W3C home > Mailing lists > Public > public-iri@w3.org > November 2009

phishing in IRIs (was: Re: Using Punicode for host names in IRI -> URI translation; phishing; comparison)

From: Martin J. Dürst <duerst@it.aoyama.ac.jp>
Date: Mon, 23 Nov 2009 21:11:16 +0900
Message-ID: <4B0A7BE4.4000301@it.aoyama.ac.jp>
To: Larry Masinter <masinter@adobe.com>
CC: "PUBLIC-IRI@W3.ORG" <PUBLIC-IRI@w3.org>, Pete Resnick <presnick@qualcomm.com>, Ted Hardie <ted.ietf@gmail.com>
On 2009/11/18 3:56, Larry Masinter wrote:
> These are "strawman" proposals in response to the IAB talk at the IETF meeting last week: knock down if you can.

>   1.  Spoofing
> Secondly, there are a number of concerns raised about spoofing. Of course, spoofing is an issue with just ASCII too,
> example.com vs example.corn  being difficult to distinguish, (never mind example.C0M).

I think that this part of the IAB presentation was mainly to make people 
aware of the issues.

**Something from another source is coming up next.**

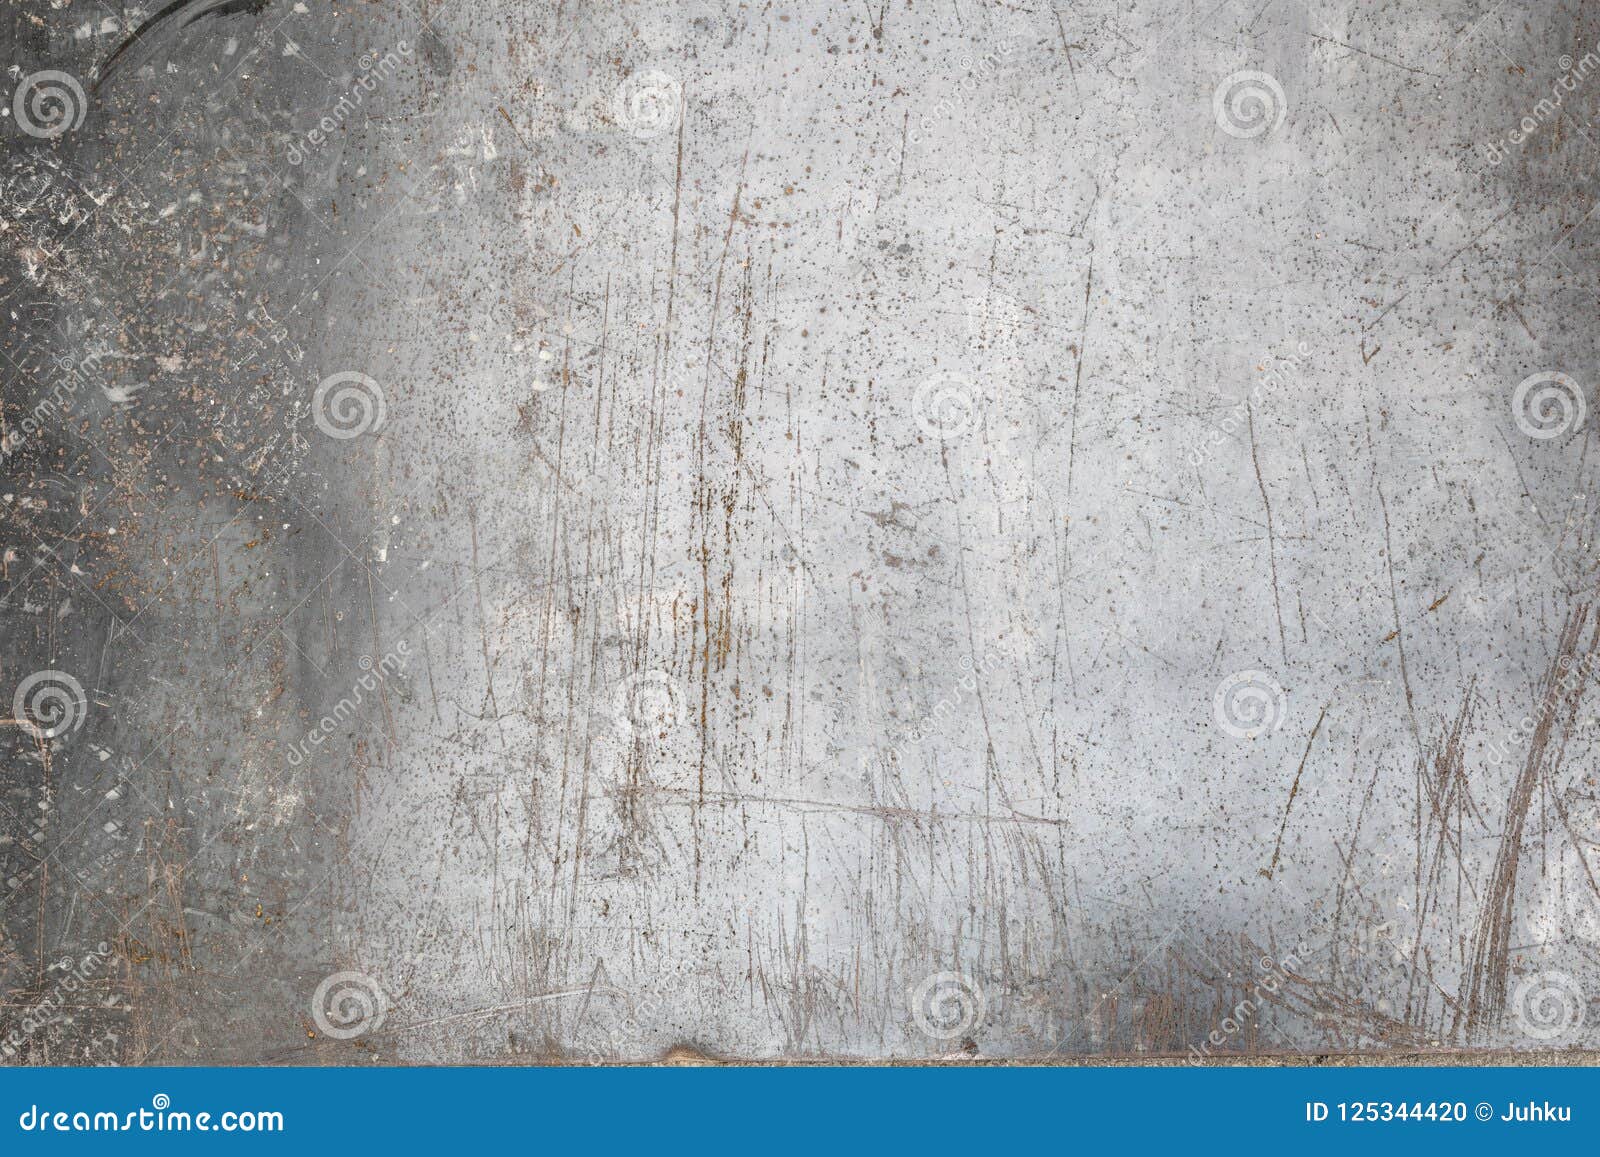 Worn Metal Sheet Floor Texture Stock Photo Image of surface, grunge 125344420

The IAB presentation did not contain any 
conclusions on this issue, neither in terms of actual directions for 
solutions nor even in terms of "specs have to address this".

> The observation is that there are many ways in which names can be formed for which there is NO visible distinction between what are separate unicode encodings.
> The main way I think of addressing these are:
>   1.  Visual validation of URIs and IRIs is basically *NOT EFFECTIVE*
 > and that user agents *SHOULD NOT USE* visual validation
 > as the primary way of preventing spoofing.

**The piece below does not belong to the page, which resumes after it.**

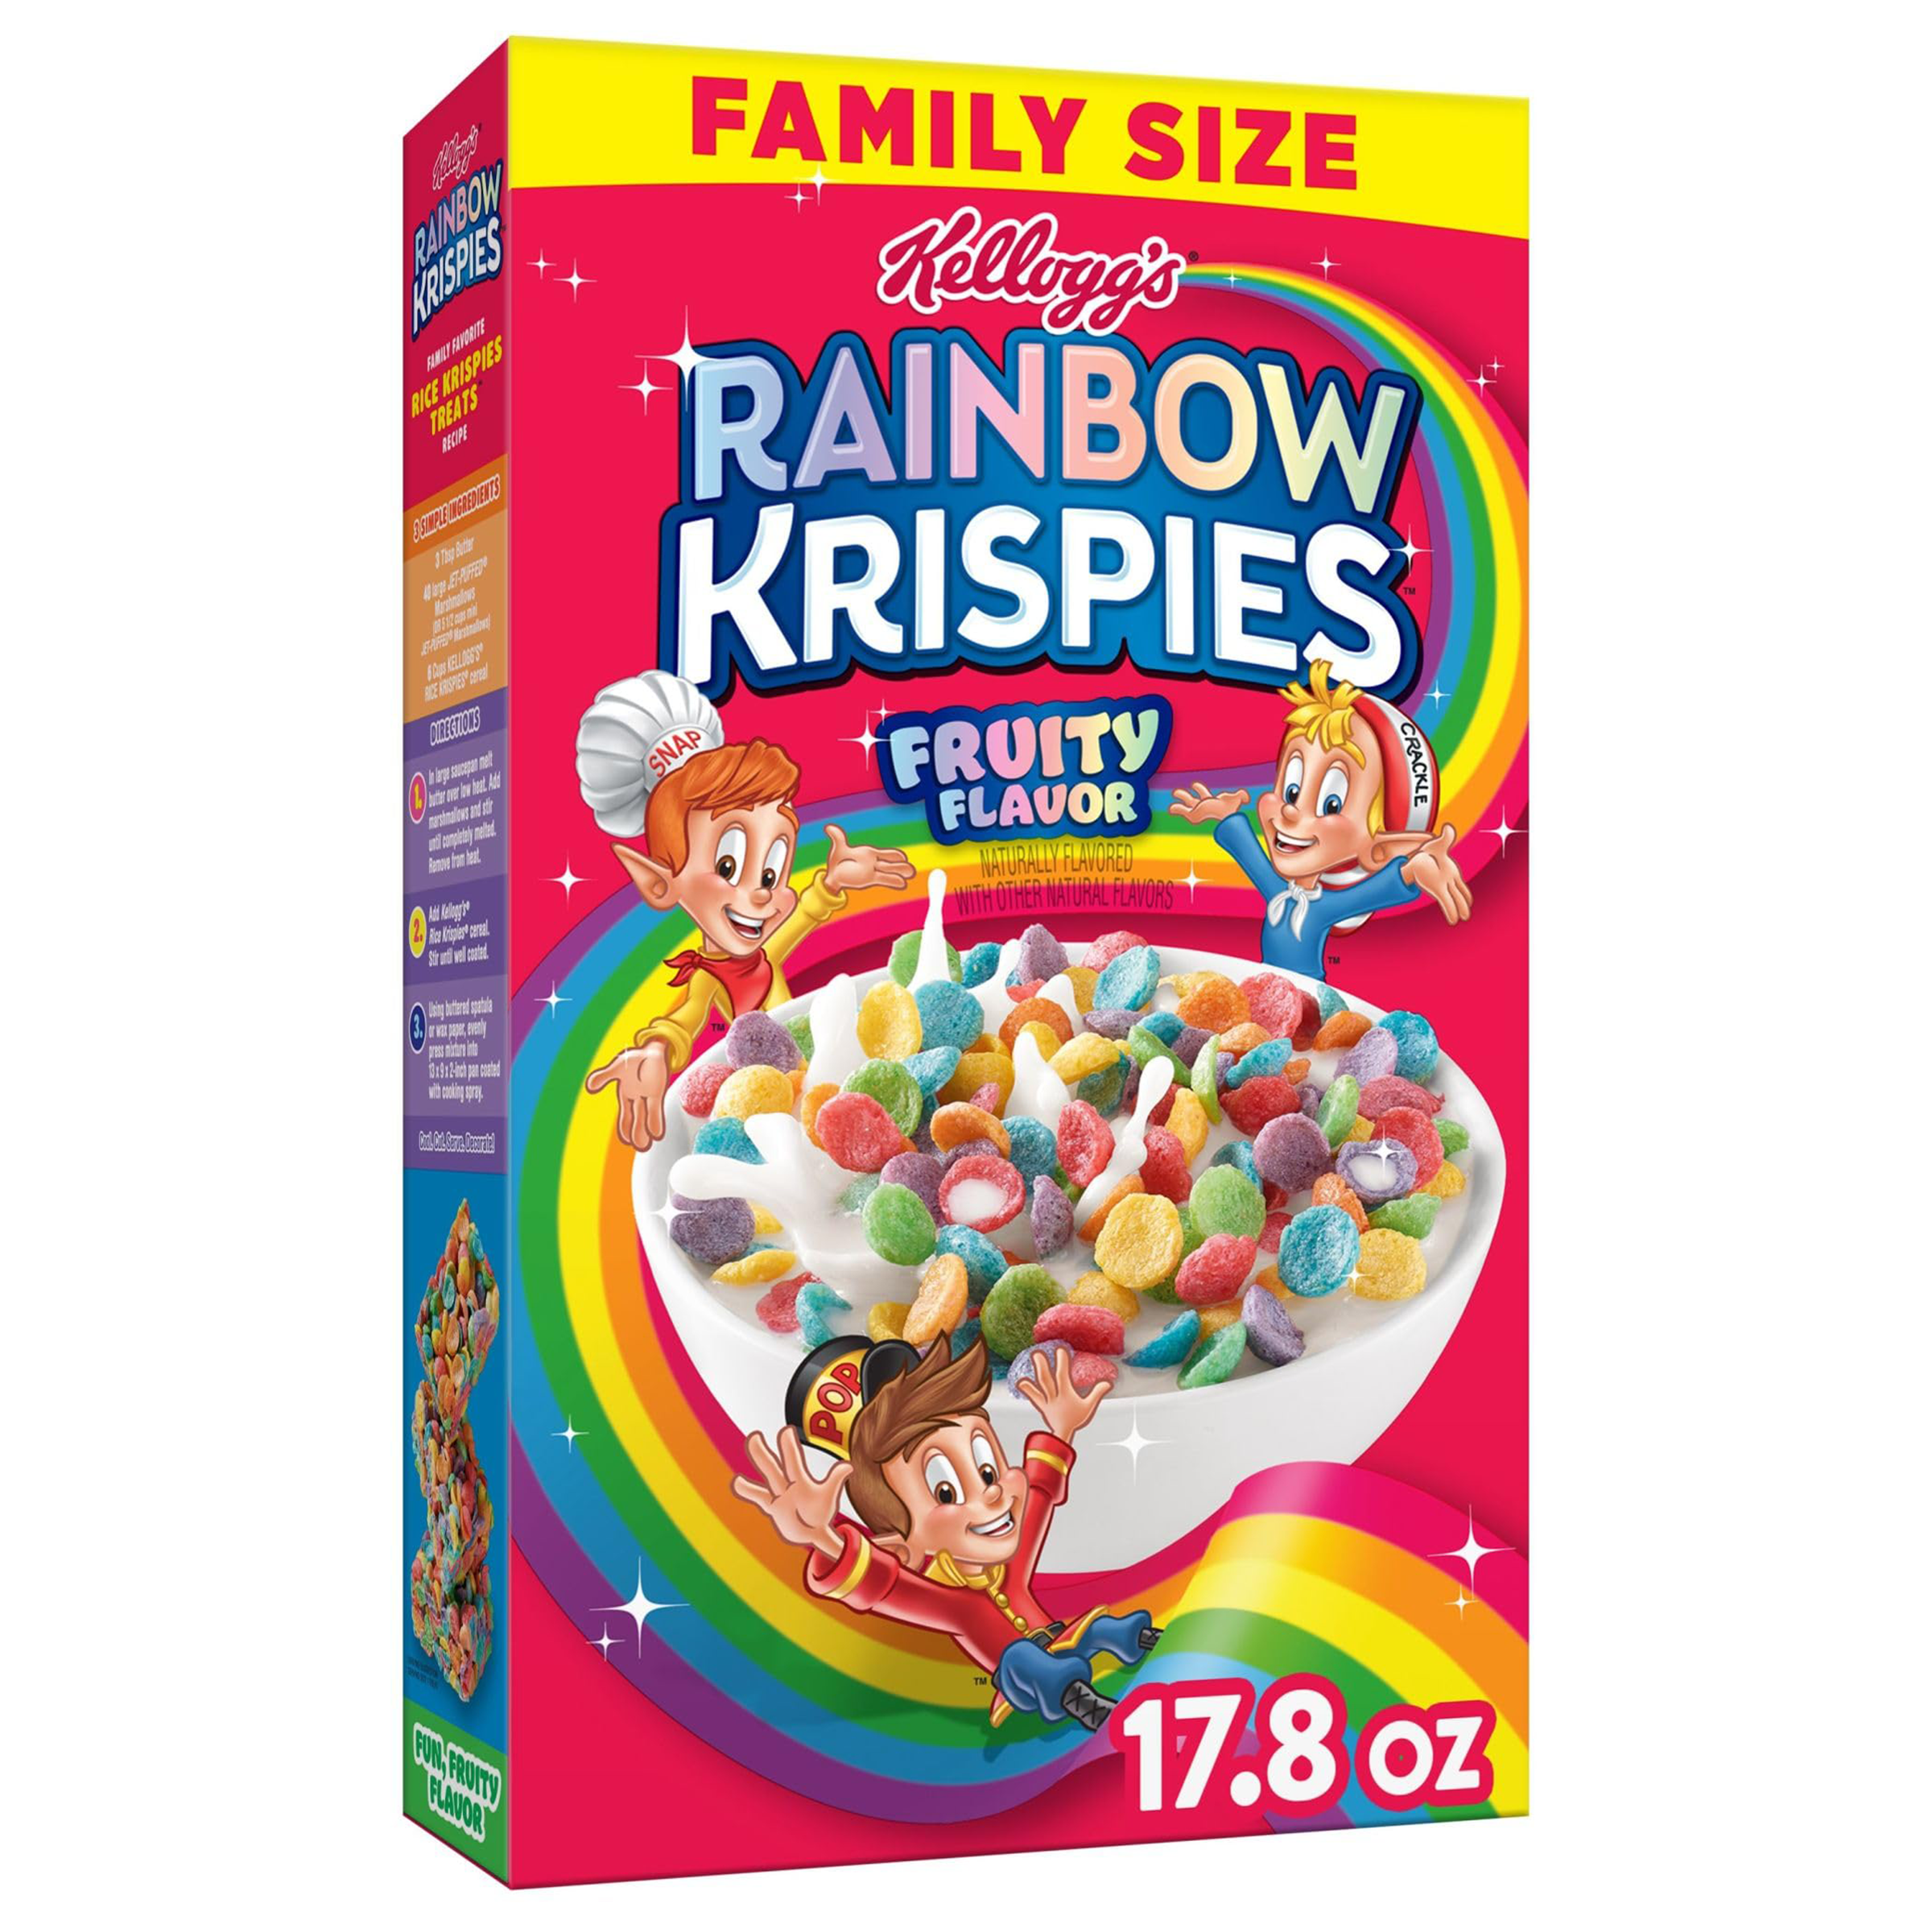 Rainbow Krispies - Family Size

I'm not exactly sure what you mean by "visual validation". Isn't this 
something the user does, rather than the user agent?

 > Other methods for protecting against phishing *MUST* be used.
 > I think we can point to some of the techniques that browsers currently
 > already deploy as alternatives, without making them normative.

There are activities carried out with IRIs where it's absolutely 
inappropriate to require some protection against phishing. So the above 
MUST has to at least be carefully contained.

Also, it should be noticed that the main attack vector for 
phishing/spoofing are IDNs, not IRIs in general. True, there's some 
potential for attacks also in cases such as

It should also be mentioned that the IDNAbis WG has an explicit 
provision in their charter that phishing in general is out of scope
(from http://www.ietf.org/dyn/wg/charter/idnabis-charter.html):

There are a variety of generally unsolvable problems, notably the
problem of characters that are confusingly similar in appearance (often
known as the "phishing" problem) that are not specifically part of the
scope of the WG although some of the preliminary results of the design
team suggest that the improvements contemplated in the specifications
might mitigate some of the ways in which the current IDNA specifications
can be abused for phishing purposes.

This provision helped the WG to avoid getting into ratholes. I was 
thinking about a similar provision for our charter.

There is one open issue, 
http://www.w3.org/International/iri-edit/#transcodeNFC-103, which (in 
its wider sense) is about when and where to use Unicode normalization. 
The current tendency seems to get rid of the requirement to use NFC is 
certain cases, because this hasn't been implemented.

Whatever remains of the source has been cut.